Emma Anderson, a professor in the department of classics and religious studies at the University of Ottawa, also believes that the church in Quebec more closely follows Pope Francis’s pastoral direction. “Based on my interviews with Catholic clergy in Canada, Québécois clergy tend to be a lot more left-leaning and anglophone more centrist — even more right, particularly the younger priests.”
She explained that Quebec priests are more focused on “hands-on theology, like feeding the homeless, reaching out to drug addicts — more outreach to the community.”
Meantime, mainly younger, English-speaking priests — and laity — seem to be disenchanted with the reforms — such as mass no longer celebrated only in Latin — introduced through Vatican II in the early 1960s, and hold “traditional views about gender, sexuality, reproductive rights and women’s leadership in the church,” explained Anderson, who holds a PhD in religious studies — specializing in North American religious history — from Harvard University.
The Kamloops find ‘shocked and horrified’
But Anderson said that Pope Francis is also coming to a Canadian Catholic Church “largely battered” by the “disturbing” detection on May 27, 2021 of the suspected remains of 215 children buried in unmarked graves at a former residential school in Kamloops.
“It shocked and horrified a lot of people, and made something evident and real that hadn’t been for people who didn’t study it in school, and that it involved bodies unaccounted for and illicitly interred,” said Anglican-raised Anderson, who noted that flags on federal government buildings remained at half-mast for months afterward, long past Canada Day.
She said that initially, the Canadian bishops did not handle news of the discovery well. They were “defensive” and only responded when Canadians displayed outrage.
However, Anderson said that Pope Francis was quicker to respond. On Sunday, June 6, 2021, the pontiff said that he was following “with sorrow” news about the discovery and that he joined “the Canadian bishops and the whole Catholic Church in Canada in expressing [his] closeness to the Canadian people, who have been traumatized by this shocking news.”

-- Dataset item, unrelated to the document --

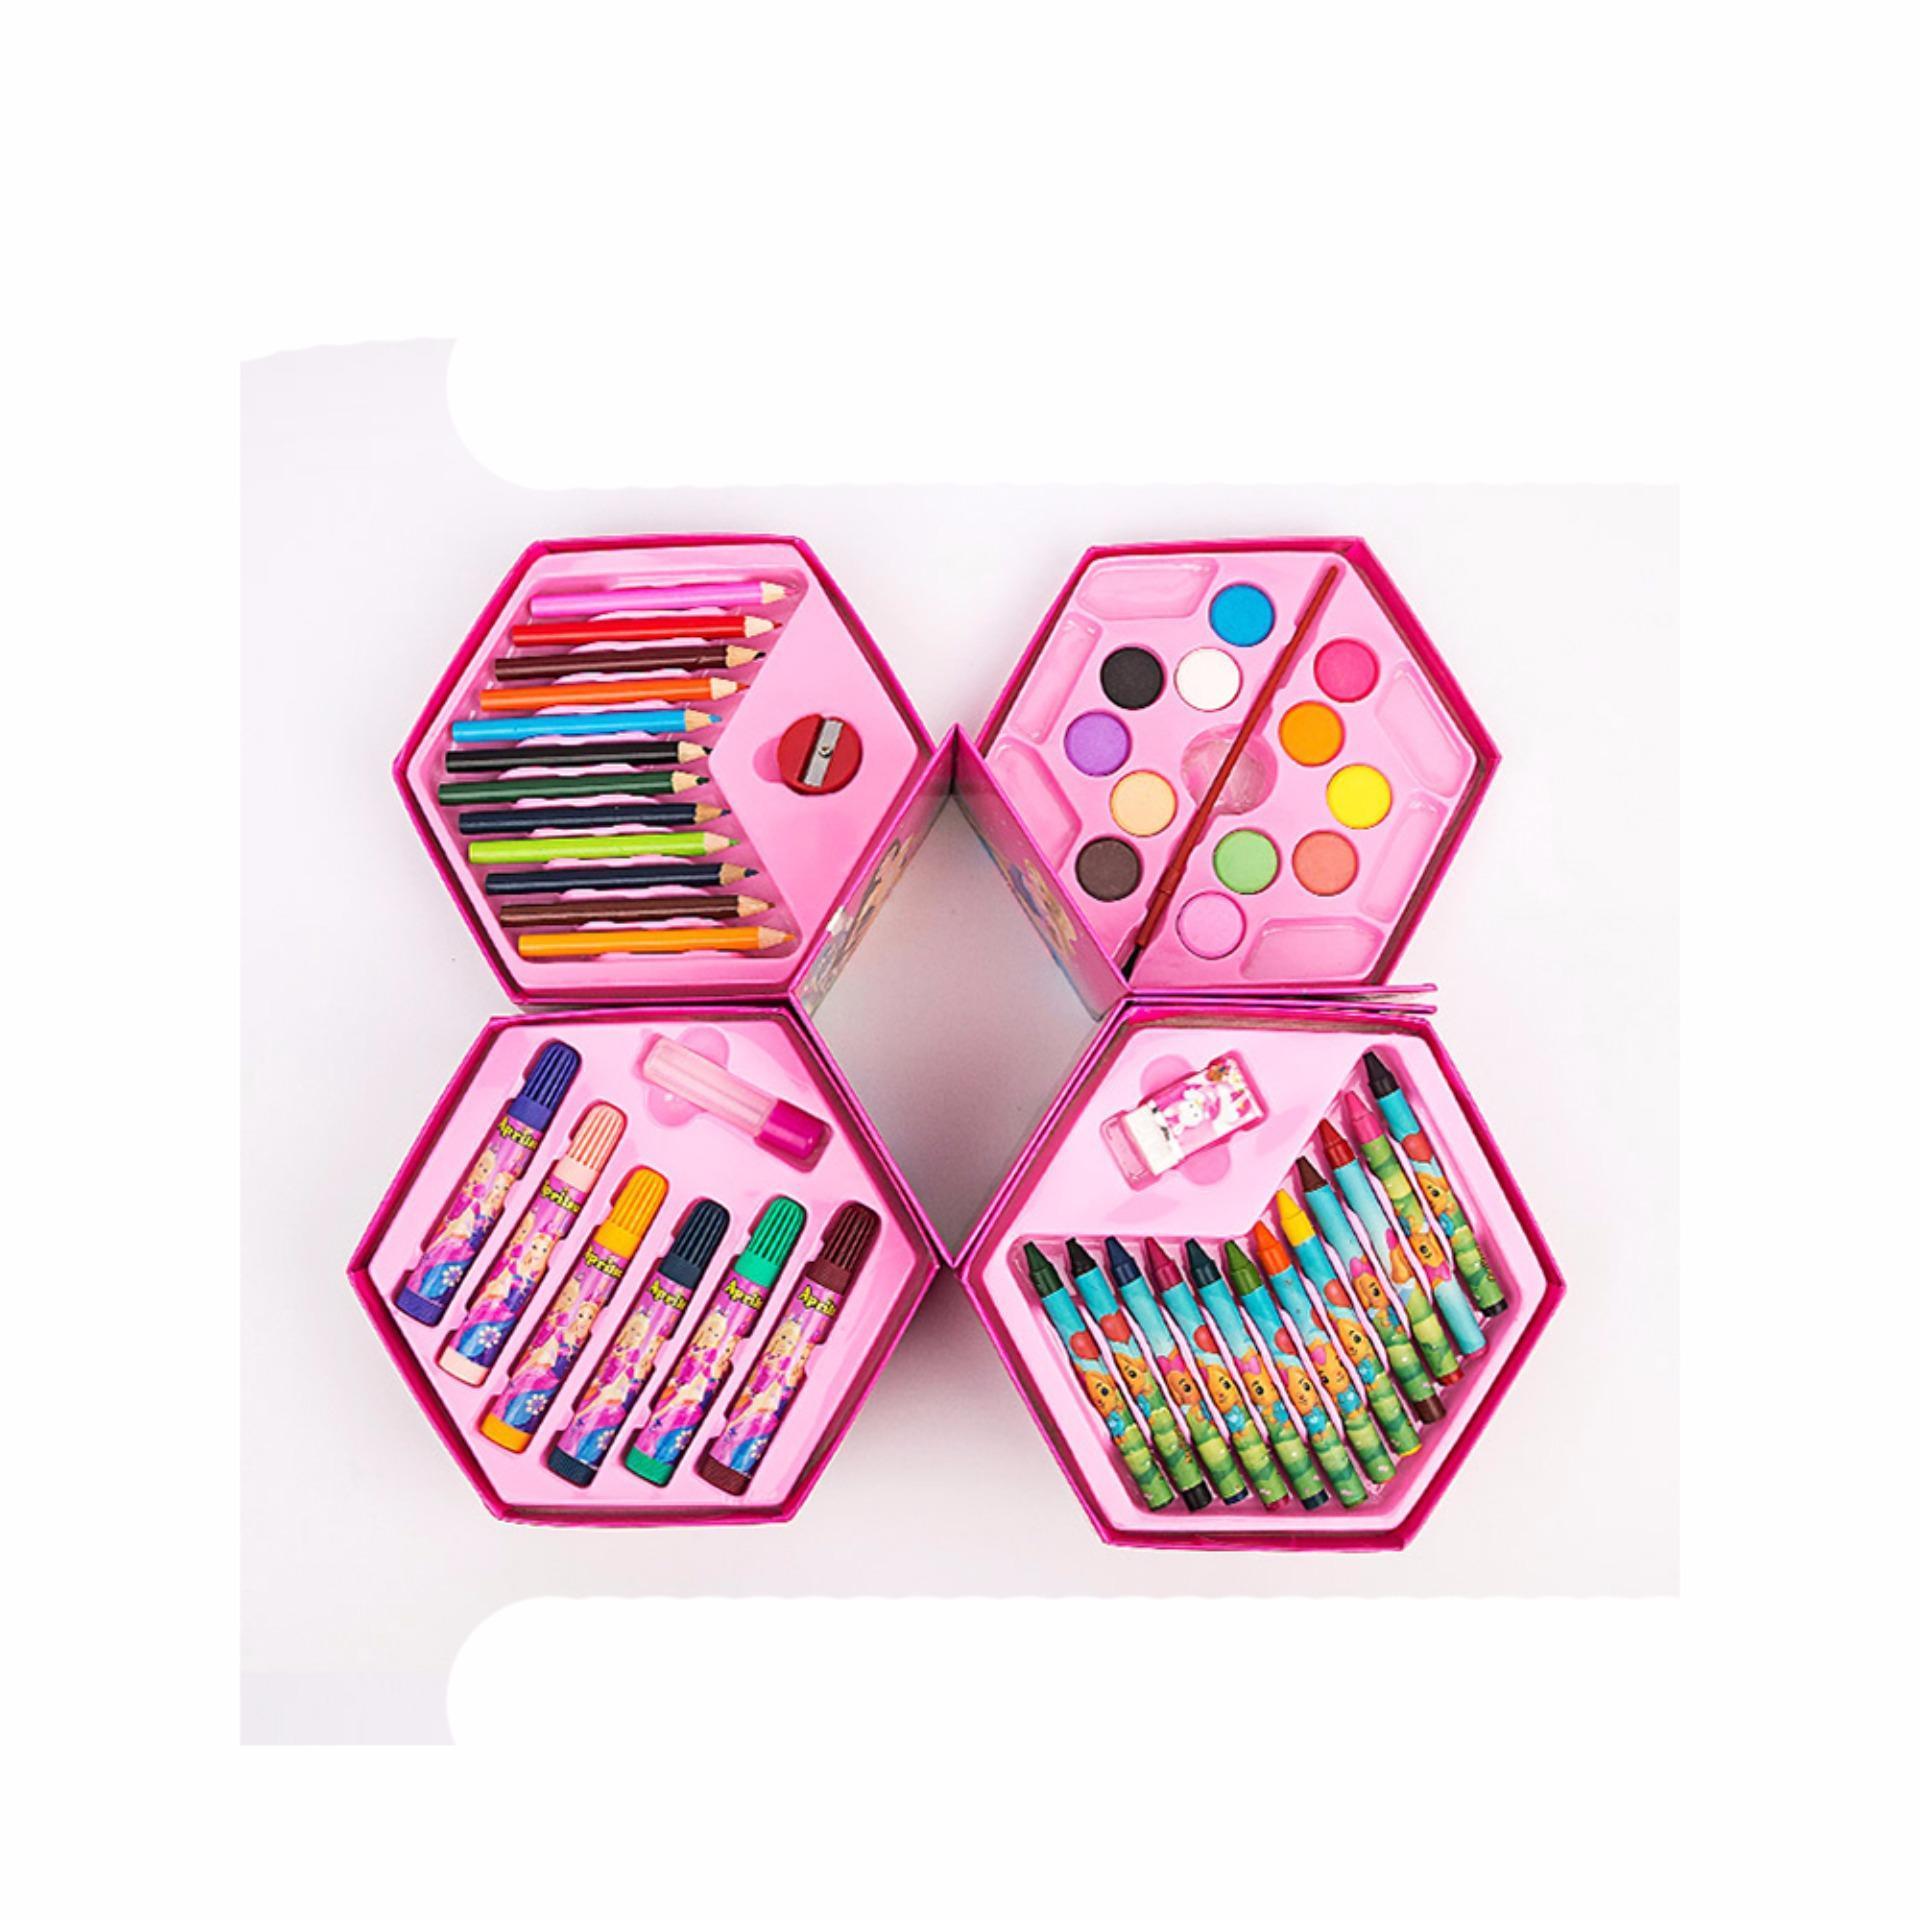 Mimosifolia Cat air pena anak-anak lukisan Stationery Set kotak hadiah krayon berwarna pensil Anak Sekolah Seni Stationery Set 46PCS Pink - intl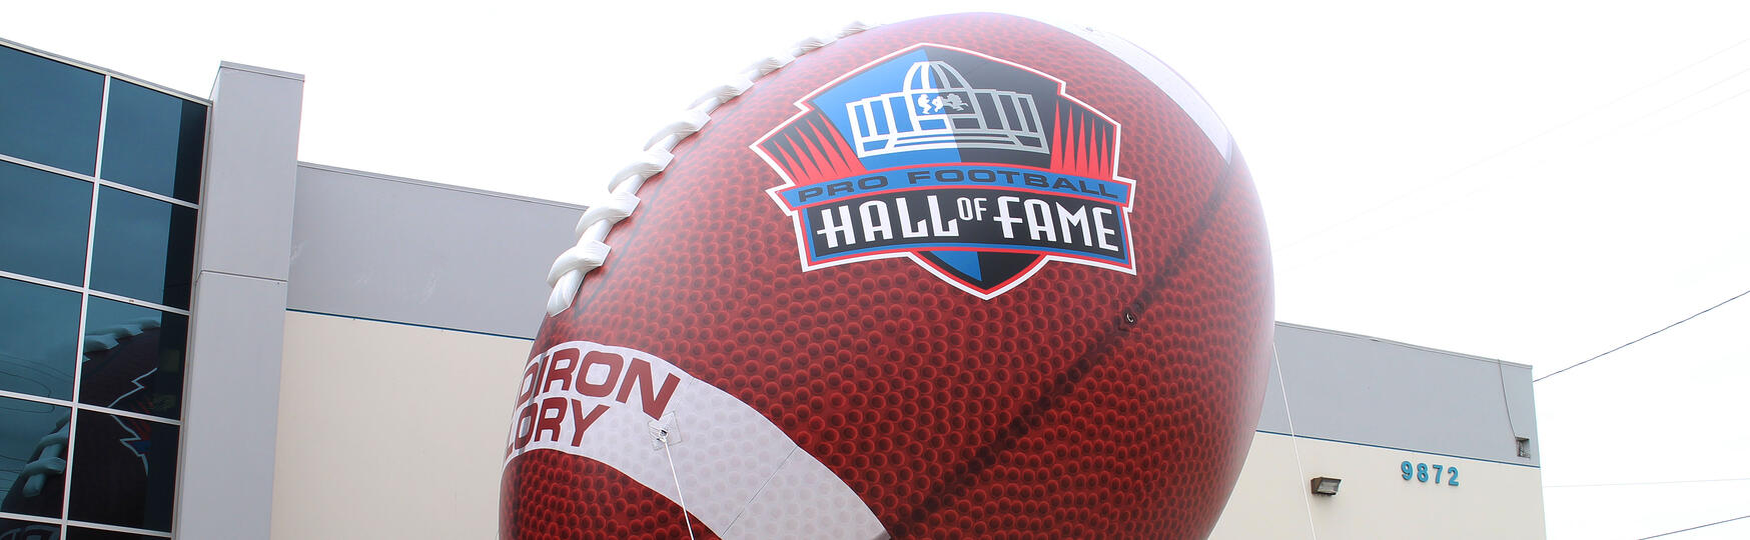 huge-inflatable-football-header.jpg

“This sad discovery further heightens awareness of the pain and sufferings of the past,” Pope Francis said. “May the political and religious authorities in Canada continue to work together with determination to shed light on this sad event and humbly commit themselves to a path of healing and reconciliation. These difficult times are a strong call for everyone to turn away from the colonial model and also from the ideological colonizations of the present, and walk side by side in dialogue, mutual respect and recognition of the rights and cultural values of all the daughters and sons of Canada.”
This week, Pope Francis will travel to Lac Ste. Anne, Alberta, the site of an annual pilgrimage that welcomes tens of thousands of Indigenous participants from throughout Canada and the U.S. each year.
Two days later, the pope will travel to Sainte-Anne-de-Beaupré, Quebec, where he will celebrate mass at one of the oldest and most popular pilgrimage sites in North America, drawing more than a million visitors to the site (including an annual Indigenous pilgrimage) each year. Saint Anne, the mother of the Virgin Mary and Jesus’s grandmother, is the patron saint of Quebec.
Anderson said that in venerating an “older and wiser” female saint, Anne fits within Indigenous cultural tradition of honouring “direct experience as the best way of accumulating knowledge and wisdom.”
“I think part of it is that Saint Anne is a female elder and she’s one of the few female saints who has a bit of age on her. Most of the female saints you see depicted in Catholic churches are beautiful and young and dewy. Even the Virgin Mary — you see her clutching the body of her son looking younger than her dead child.”